Parsons was raised in Belmont, Massachusetts. His father was Talcott Parsons, the eminent Harvard sociologist, and Parsons grew up in a Harvard atmosphere. He was educated at the University, graduating from the College in 1954 summa cum laude in mathematics and entering the philosophy Ph.D. program after a year in Cambridge, England, on a Henry Fellowship. He joined the Society of Fellows in 1958 and completed his Ph.D. and the Junior Fellowship simultaneously in 1961. After three years as an assistant professor at Harvard, he moved to Columbia University, where he taught for 24 years. He returned to Harvard in 1989, becoming the Edgar Pierce Professor of Philosophy in 1991, and retired in 2005.

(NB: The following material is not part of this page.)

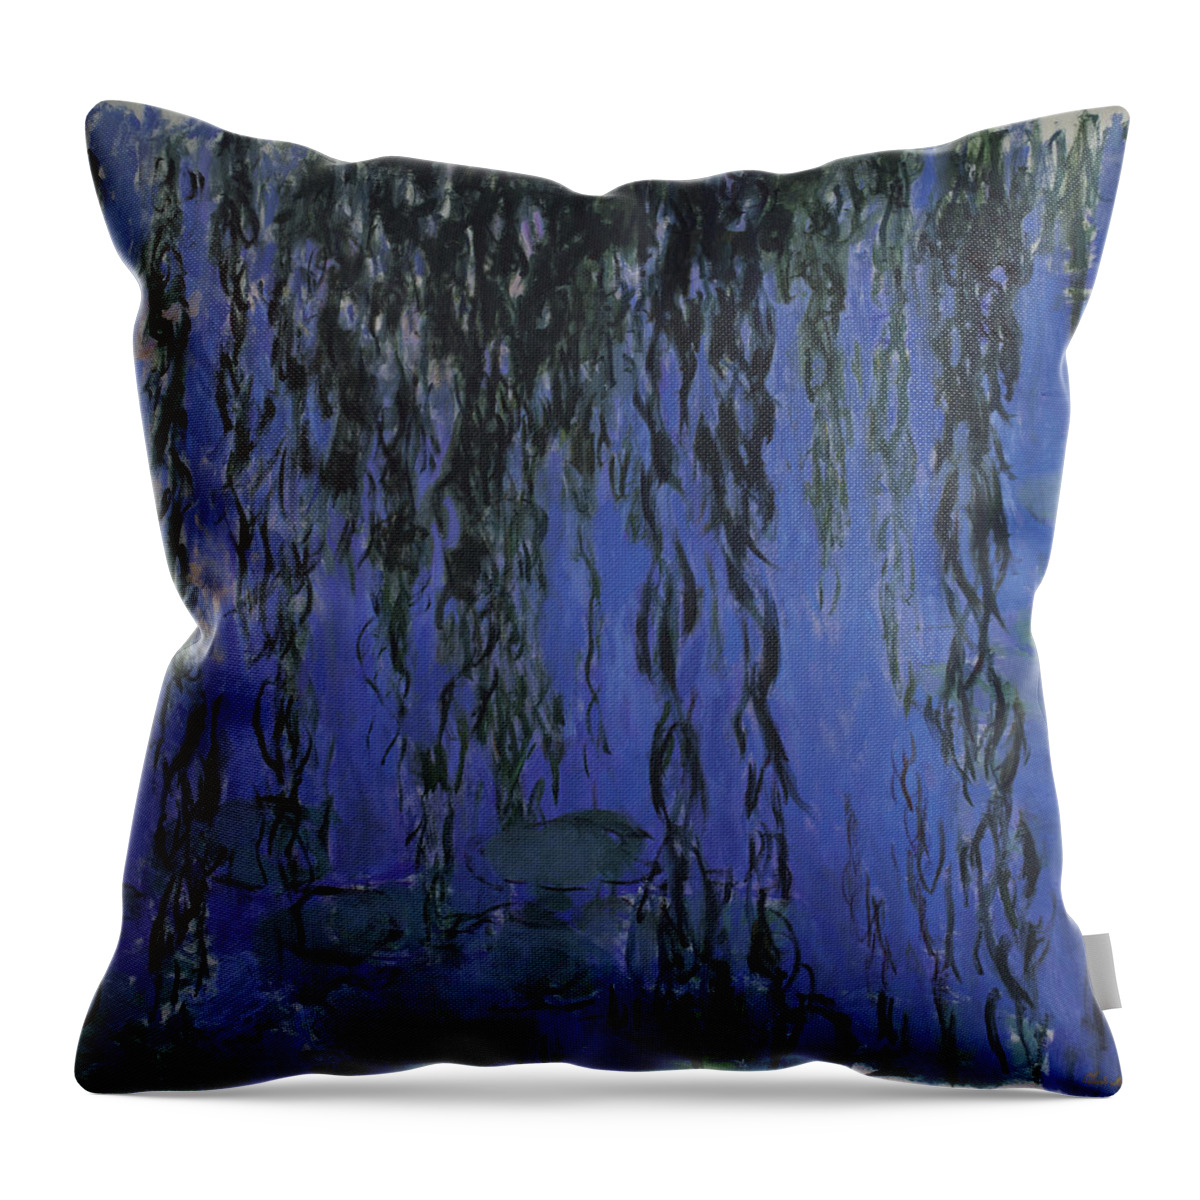 Claude Monet  Meadow In Givernyclaude Monet  Meadow In Givernyclaude Monet  Meadow In Givernyclaude Monet  Meadow In Givernyclaude Monet  Meadow In Givernyclaude Monet  Meadow In Givernyclaude Monet  Meadow In Giverny Throw Pillow featuring the painting Claude Monet Water Lilies and Weeping Willow Branches by MotionAge Designs

Parsons’s dissertation and early research work focused on mathematical logic, in which he obtained some noteworthy results in fine-grained analyses of the deductive strength of various axiom systems for areas of mathematics. Subsequently his interests turned towards less purely technical matters, and his writing concentrated on philosophy of logic and of mathematics. In the 1960s and 1970s he published highly influential papers in this area, collected in his first book, aptly titled “Mathematics in Philosophy” (1983). These papers included his careful examinations of the foundations of set theory and of the Liar Paradox, the seemingly paradoxical consequences of the sentence that says of itself that it is not true. The latter, in particular, spawned a large industry of proposed solutions based on Parsons’s work. But perhaps most striking from this part of his career was his attention to Kant. Before Parsons’s work, Kant — whose concern with mathematics is central to his entire philosophical system — had been dismissed as irrelevant to contemporary philosophy of mathematics due to the subsequent development of modern logic, non-Euclidean geometry, and the theory of relativity. Parsons, almost single-handedly, brought Kant back into dialogue with contemporary philosophy of mathematics by locating what was still of interest in his philosophical structures that might be of help in solving the conundrums that contemporary philosophy of mathematics had encountered. To do this, Parsons also made major contributions to pure Kant scholarship, particularly in his exposition of the role Kant’s notion of intuition plays in a crucial section of the “Critique of Pure Reason.”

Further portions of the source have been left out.